Judgment for $4,724.50 was entered by confession in favor of plaintiff, Emil C. Wetten, and against the defendant Carl Horix. Execution was served upon defendant by the sheriff and returned “No property found and no part satisfied.” Plaintiff filed an affidavit in garnishment and caused a summons in garnishment and interrogatories to be served on the garnishee, Clicquot Club Company. The garnishee filed an amended answer to the interrogatories. Plaintiff filed a traverse of said answer. The garnishee filed a written motion to strike plaintiff’s traverse and to dismiss the garnishment proceeding and discharge the garnishee. Although the trial court denied the motion to strike plaintiff’s traverse, it entered an order allowing the motion to dismiss the garnishment proceeding and discharge the garnishee. This appeal is from that order.

Of the interrogatories filed by plaintiff it is only necessary to consider the “7th,” which is as follows: “ ‘Had you at the date of the service of the said writ any contract or agreement with said Carl Horix providing for the payment of any royalties by you to him? If so, describe the same fully, giving the amount of said royalties, the time or times when they shall become due and payable, and describe the same fully and particularly.’ ”

The amended answer of the garnishee to the foregoing interrogatory alleged substantially that a contract was entered into between the garnishee and Horix on December 4, 1936, which required the garnishee under certain conditions to pay royalties to the judgment debtor and that the garnishee did pay thereunder a total of approximately $3,000 in royalties; and that thereafter the garnishee discovered that it had been defrauded by Horix in that he had induced it to enter into the contract by making false representations of material facts, which he knew to be untrue.
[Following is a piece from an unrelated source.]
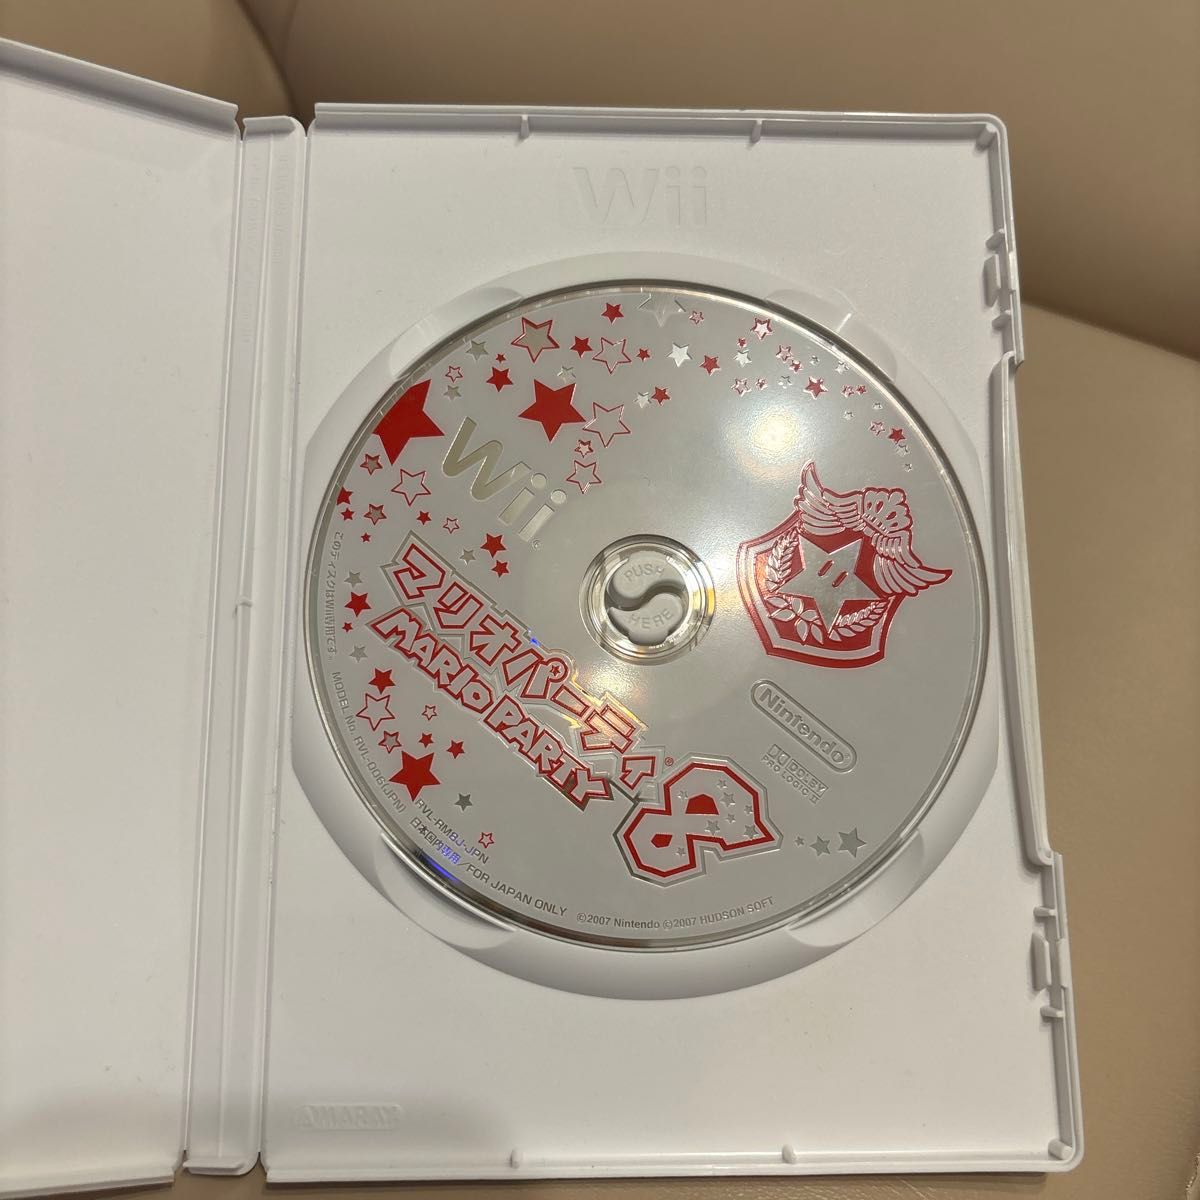 Wii マリオパーティ8 ゲームソフト 任天堂
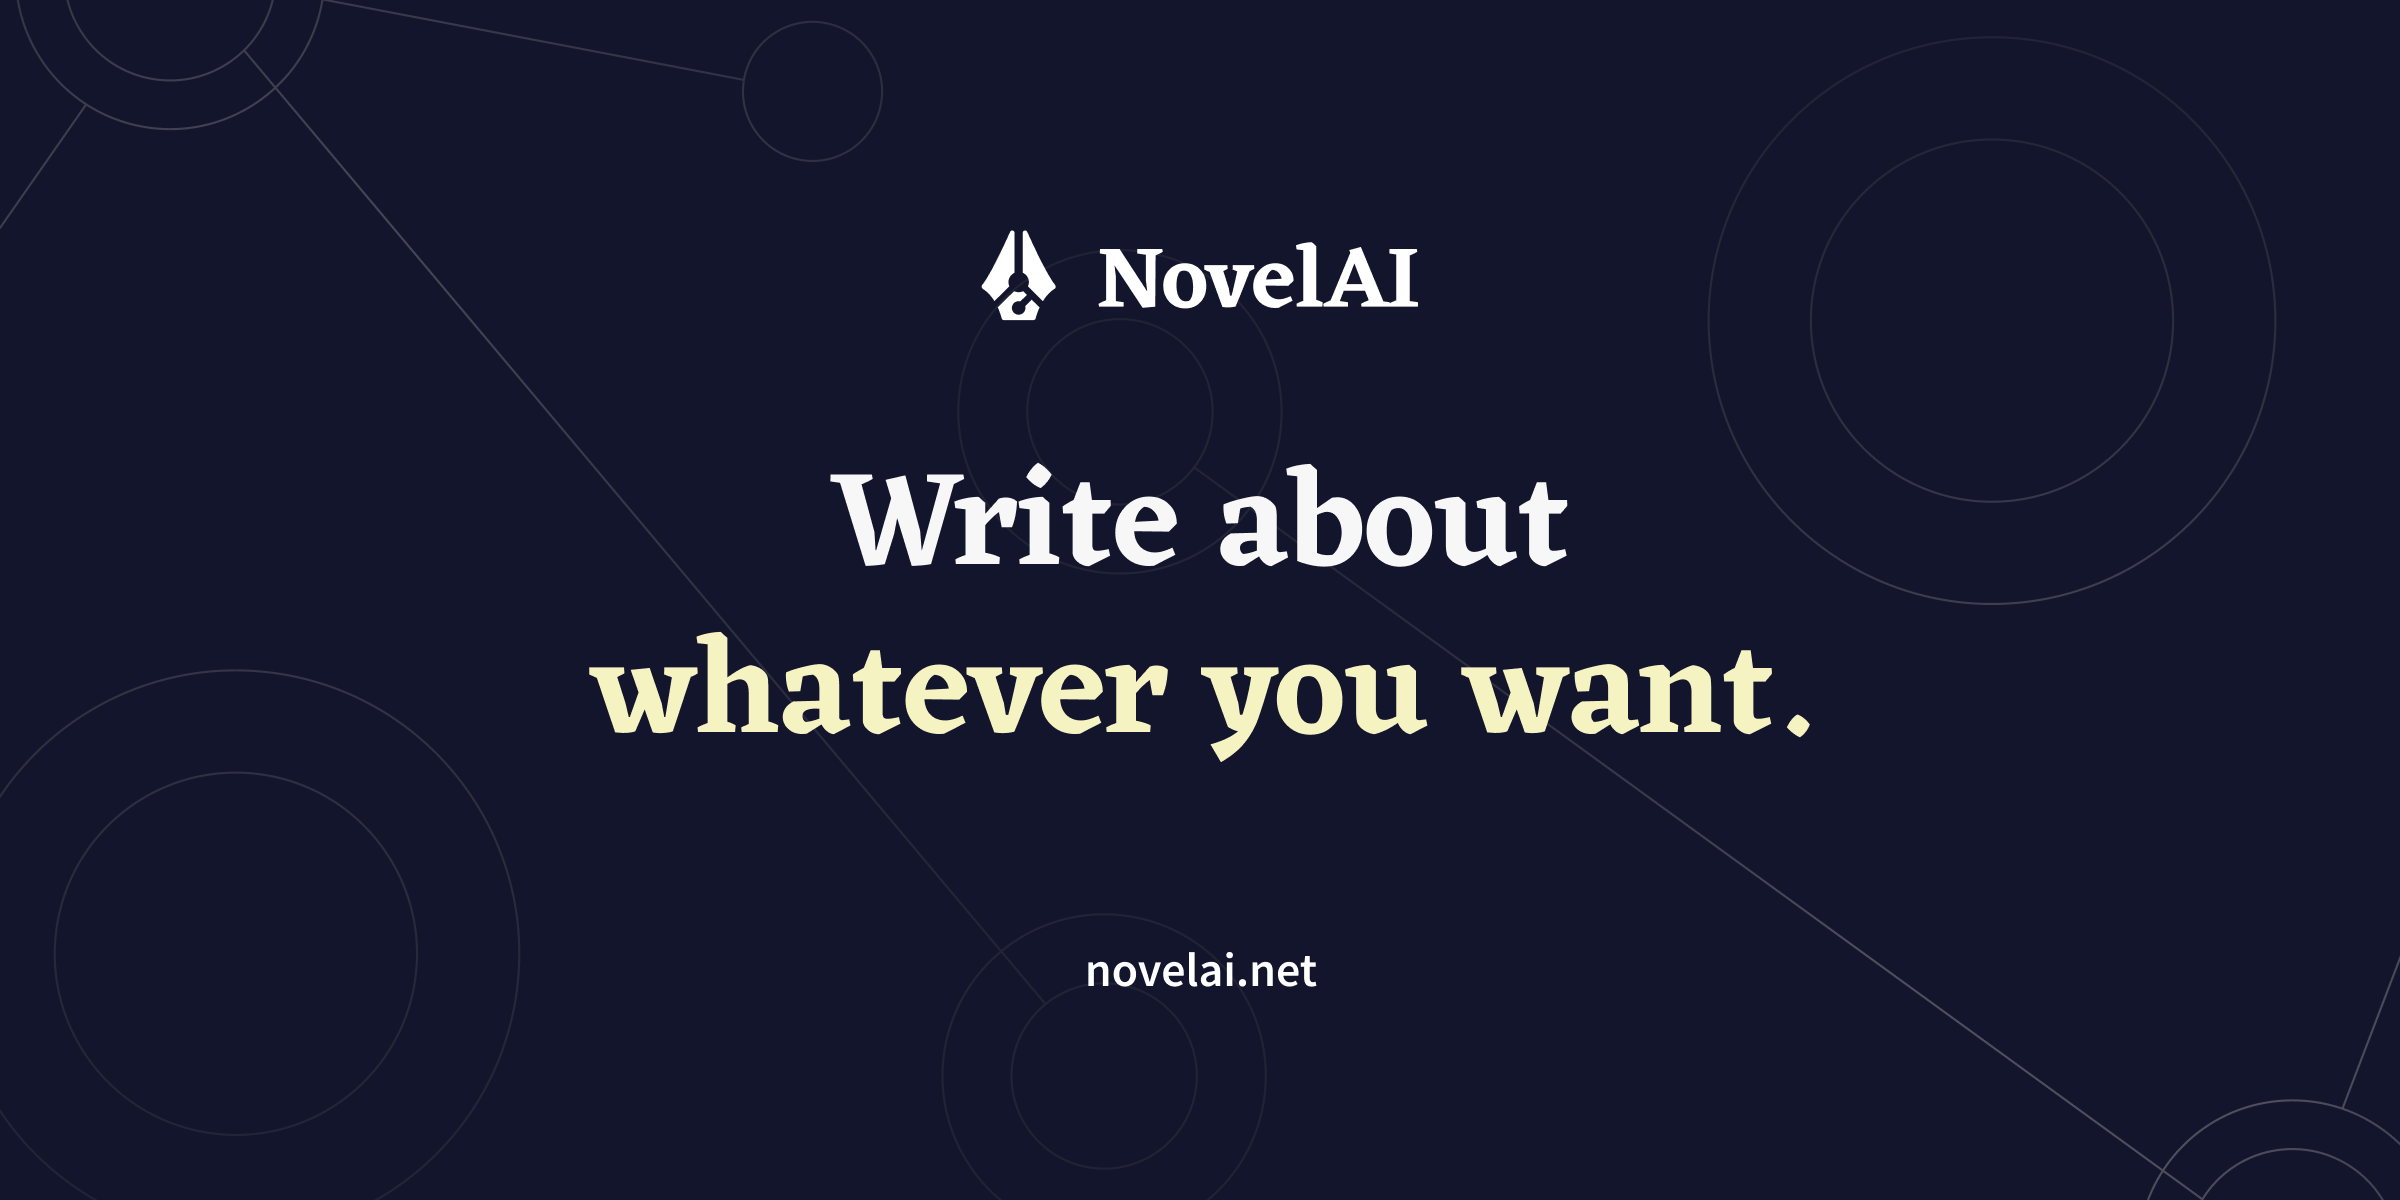 NovelAI - The AI Storyteller

The alleged misrepresentations were then set forth fully and with particularity.

The answer further alleged that “a certain supposedly secret formula, to which defendant claimed to have the sole right and which by the agreement he purported to license to the garnishee, was worthless and that the defendant did not have the sole right to such formula”; that the garnishee, relying upon the said false representations, entered into the agreement and as a result of defendant’s said fraud suffered great losses; that when the garnishee discovered that “it had been imposed upon and defrauded by the said Carl Horix, as above set forth, it thereupon cancelled the said supposed contract and declared it to be void from the beginning.”

The answer then alleged the considerations which the garnishee was to receive from the defendant under the terms of said agreement; that “the defendant failed and refused to deliver any of the said considerations to the garnishee”; and that the garnishee “is not and never has been bound under or by reason of the said memorandum of agreement. ’ ’

Under the royalty contract, which was attached to and made a part of its amended answer, the garnishee was granted by defendant an exclusive license under certain letters patent and under a certain trade-mark to manufacture and sell a beverage covered by said patent and defendant agreed to furnish certain assistance in the equipment of the garnishee’s plant. The contract provided that the garnishee would pay defendant a royalty on the number of bottles of the beverage manufactured and sold by it, “the minimum royalty” to be $3,000 a year during the life of the patent.

Plaintiff’s traverse of the garnishee’s amended answer is as follows:

‘ ‘ The plaintiff denies that the defendant Carl Horix made any false or fraudulent representations to the garnishee for the purpose of inducing it to enter into the written contract set out in the Amended Answer, and denies that the garnishee relied upon any false or fraudulent statements of said defendant Carl Horix in entering into" said contract, and denies that the garnishee has ever for any reason cancelled said supposed contract or declared it to he void.
“Plaintiff denies that the defendant Carl Horix has in any manner "breached or failed or refused to perform the provisions of the agreement set out in the Amended Answer of the garnishee.
“Plaintiff says that the Clicquot Club Company, garnishee, has not truly discovered the money, choses in action, credits and effects in its possession, custody or charge, or from it due and owing to the defendant at the time of the service of the writ or at any time thereafter, or which shall or may thereafter become due. . . .”

Plaintiff’s theory is that “he was and is entitled to a trial on the merits as to the truth or falsity of the garnishee’s answer to the seventh interrogatory, the questions of fact to be tried being specifically those raised by the allegations in the amended answer of fraud and breach of contract”; and that “under the amended answer and the contract, the indebtedness of the garnishee to the defendant Carl Horix, if any exists, was both definite and liquidated, and that the question as to whether any such liability exists was one which the garnishment court had both the power and the duty to try.”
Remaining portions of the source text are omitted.